Start of Block

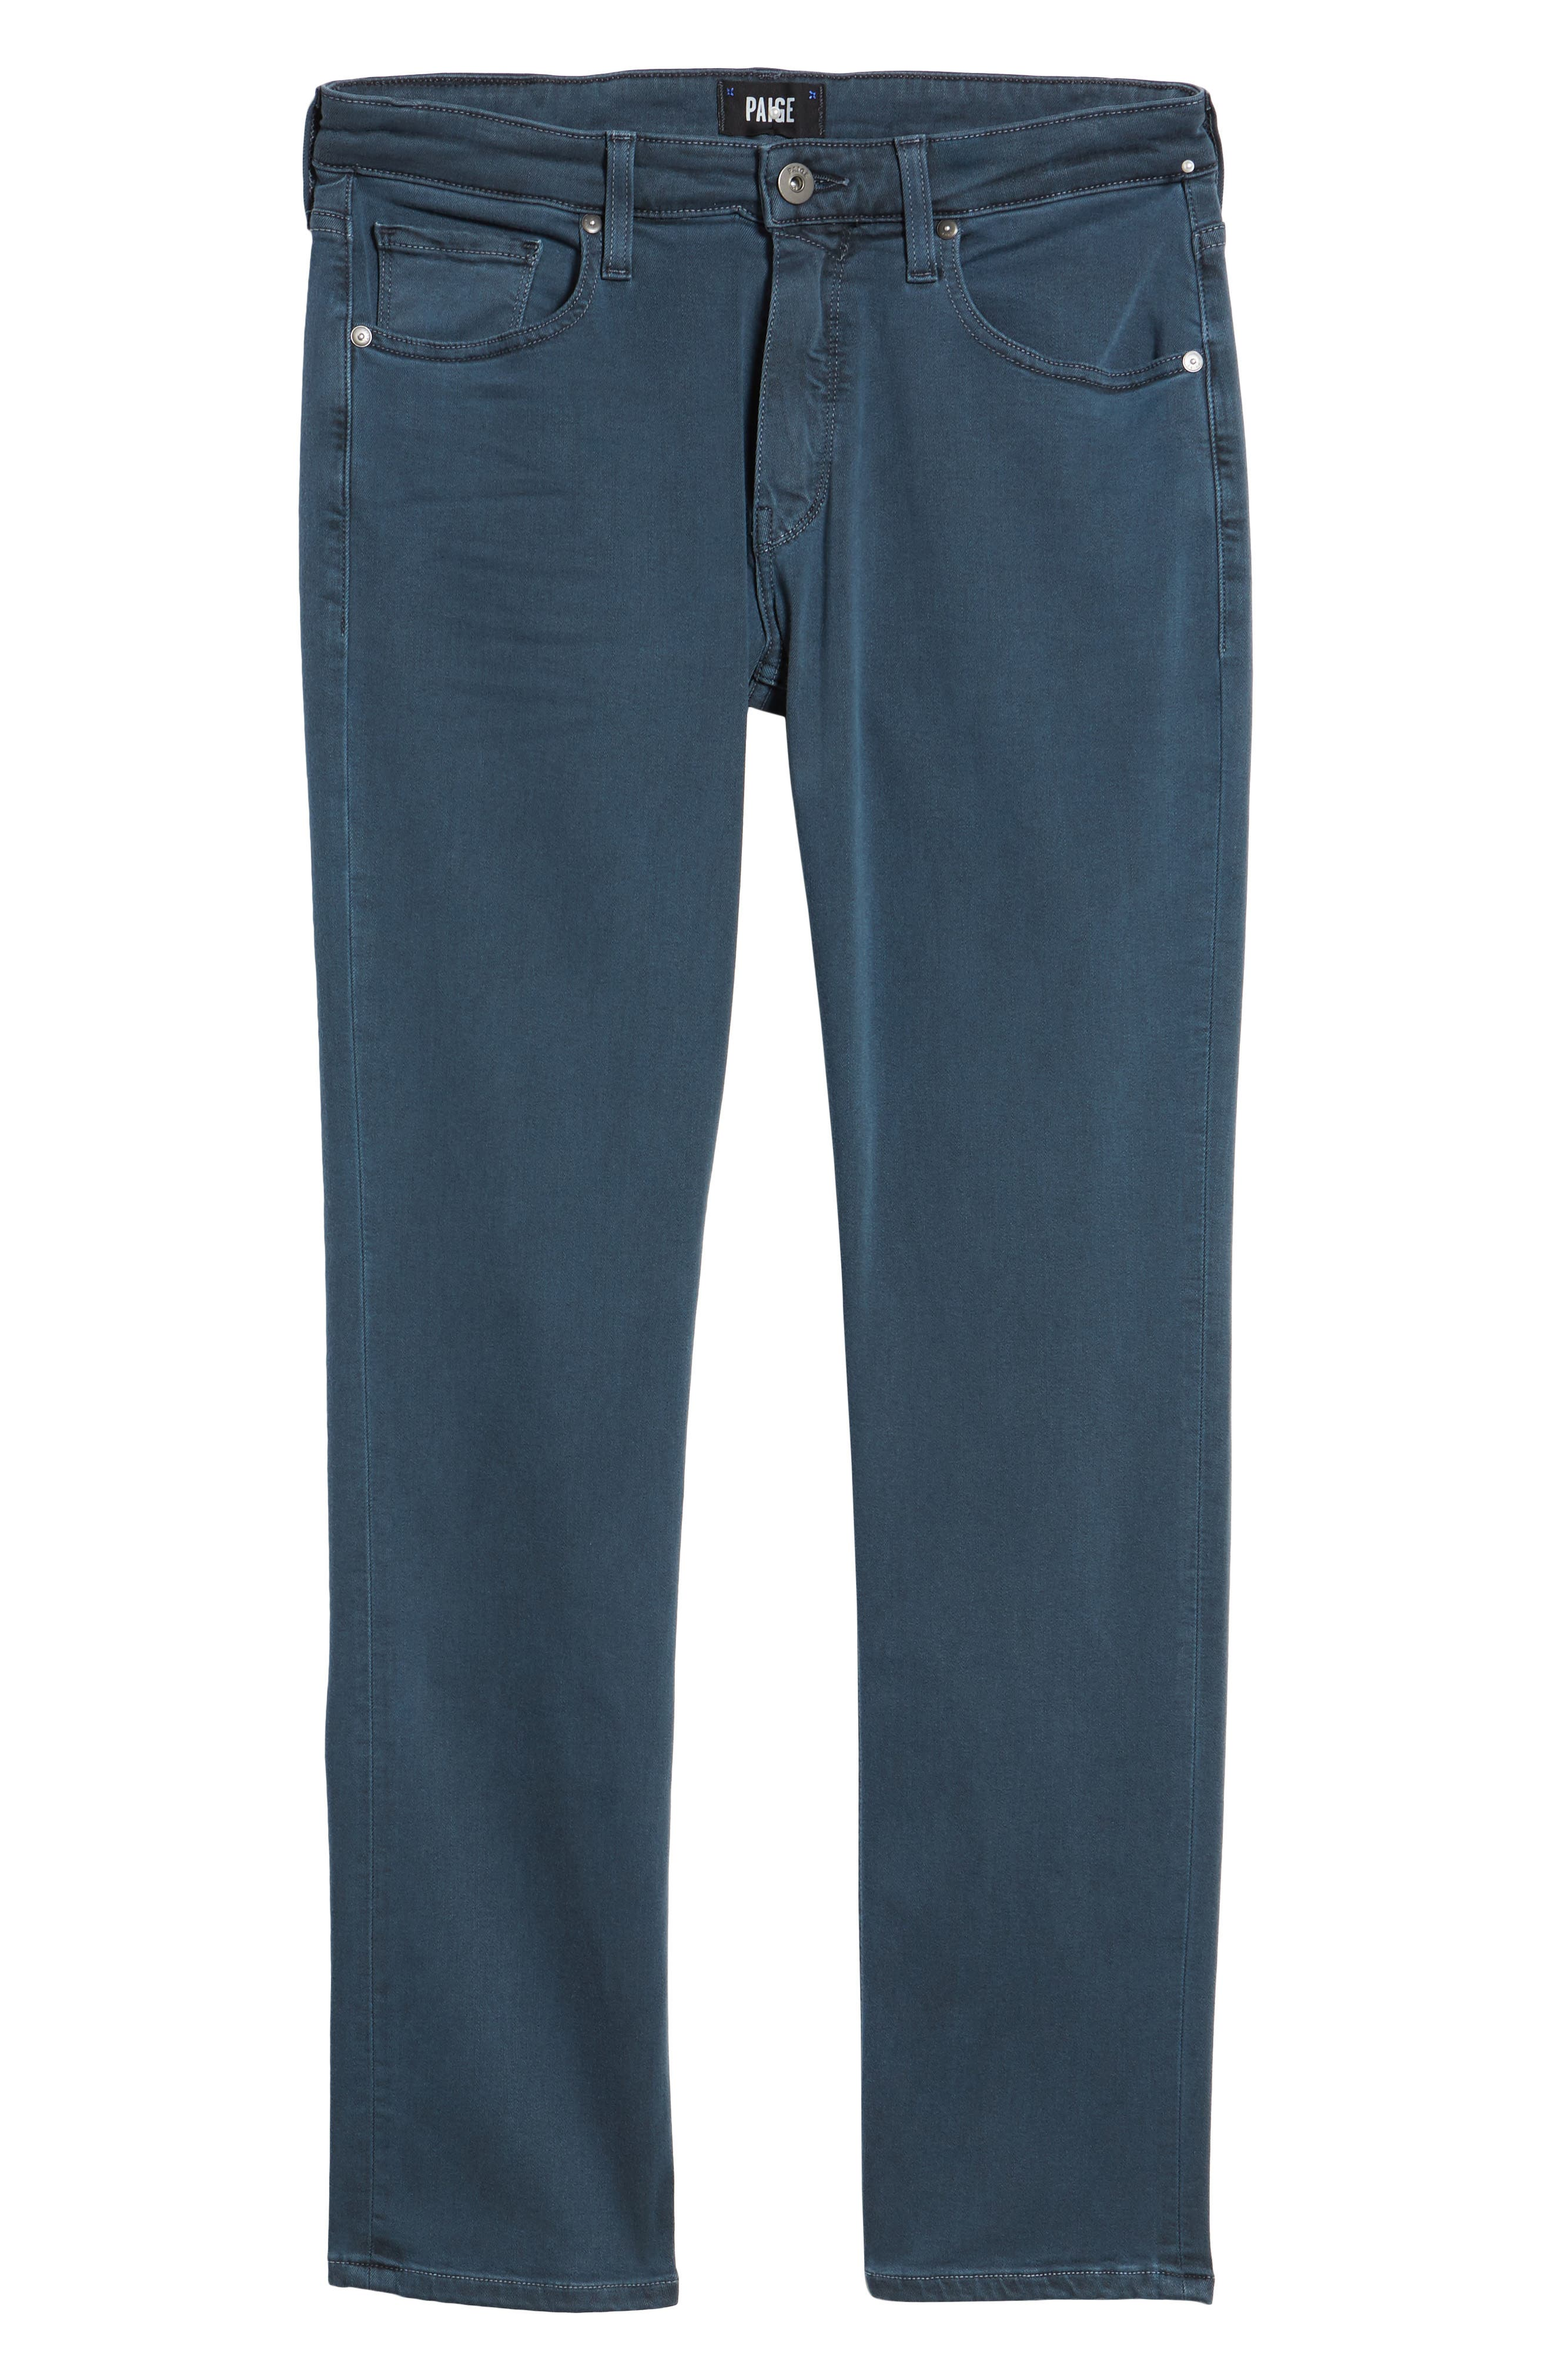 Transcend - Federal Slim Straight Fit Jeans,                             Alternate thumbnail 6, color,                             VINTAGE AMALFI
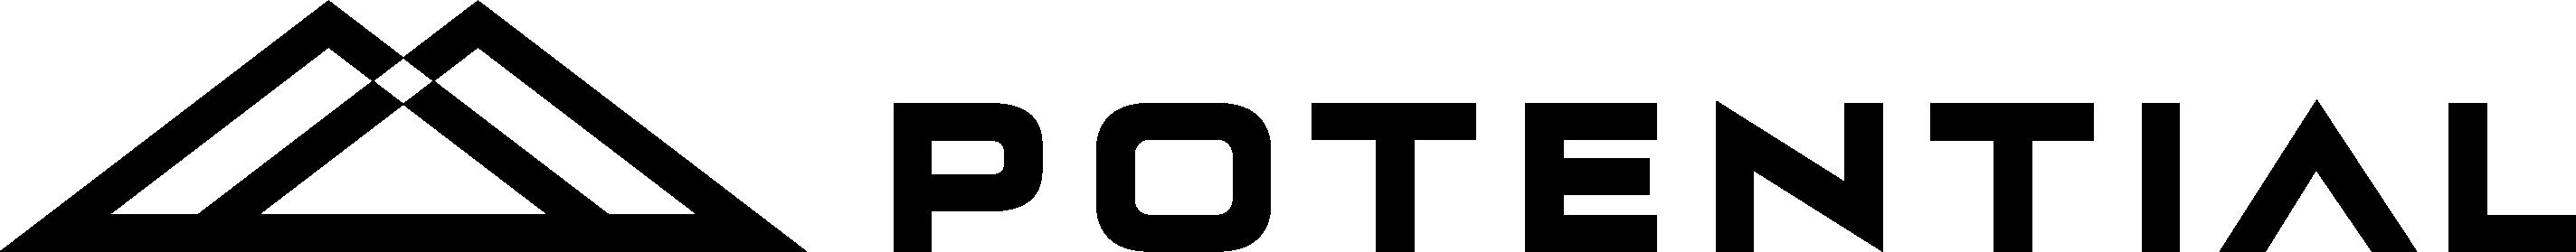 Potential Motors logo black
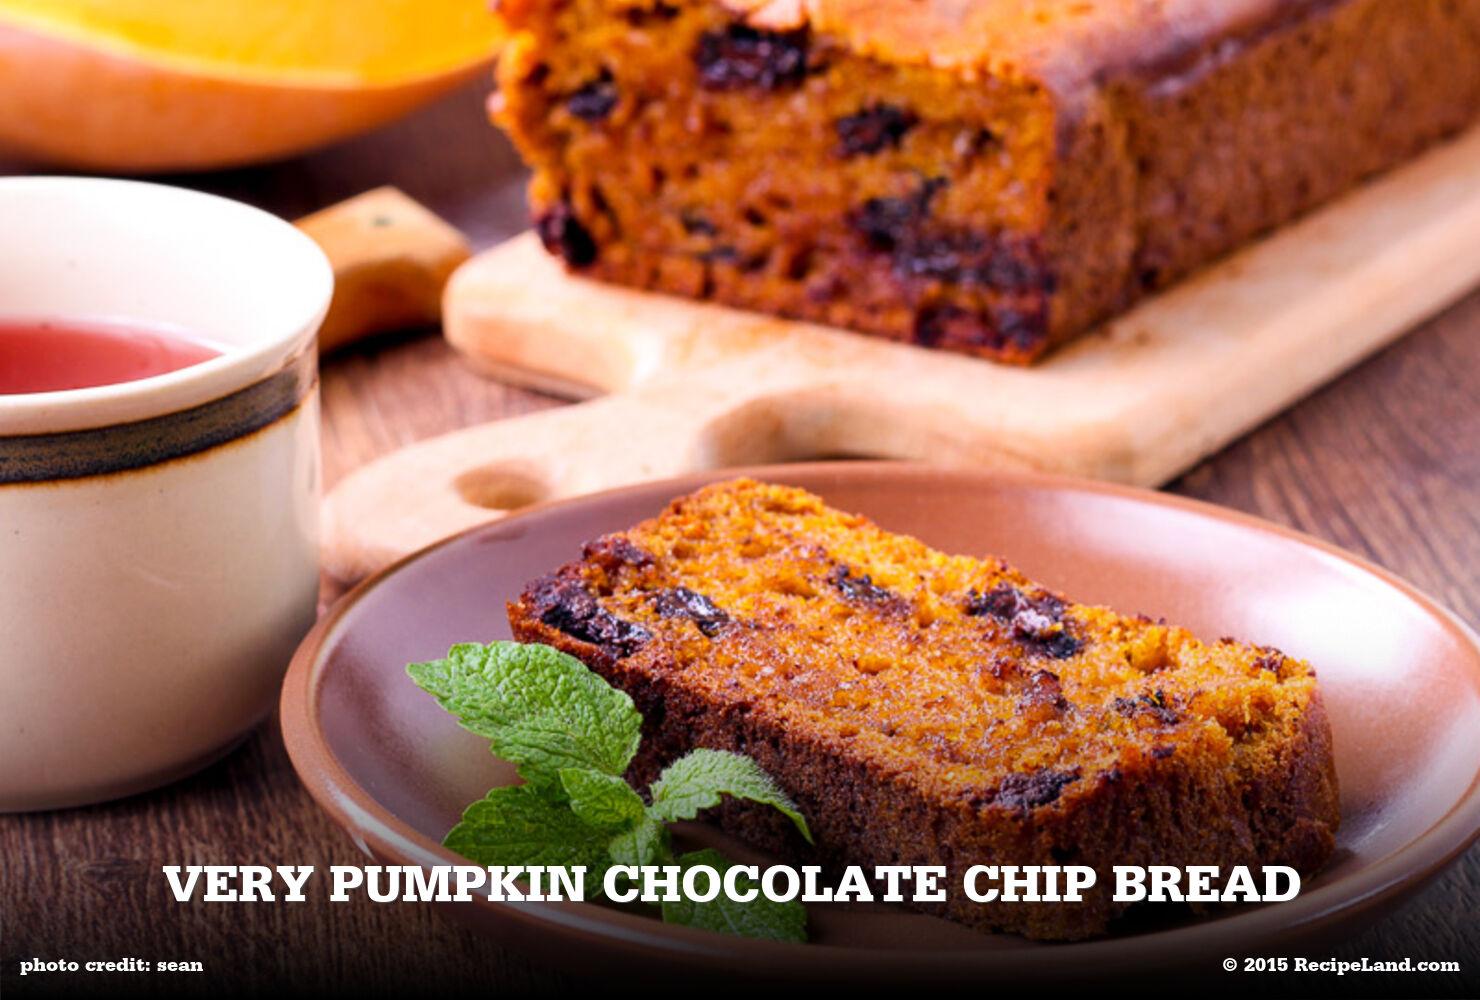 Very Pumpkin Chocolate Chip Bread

End of Block

AIM OF THE TASK: The full listing above, duplicated exactly and without its pictures, is the answer.

THE ANSWER:
 Transcend - Federal Slim Straight Fit Jeans,                             Alternate thumbnail 6, color,                             VINTAGE AMALFI
 Potential Motors logo black
 Very Pumpkin Chocolate Chip Bread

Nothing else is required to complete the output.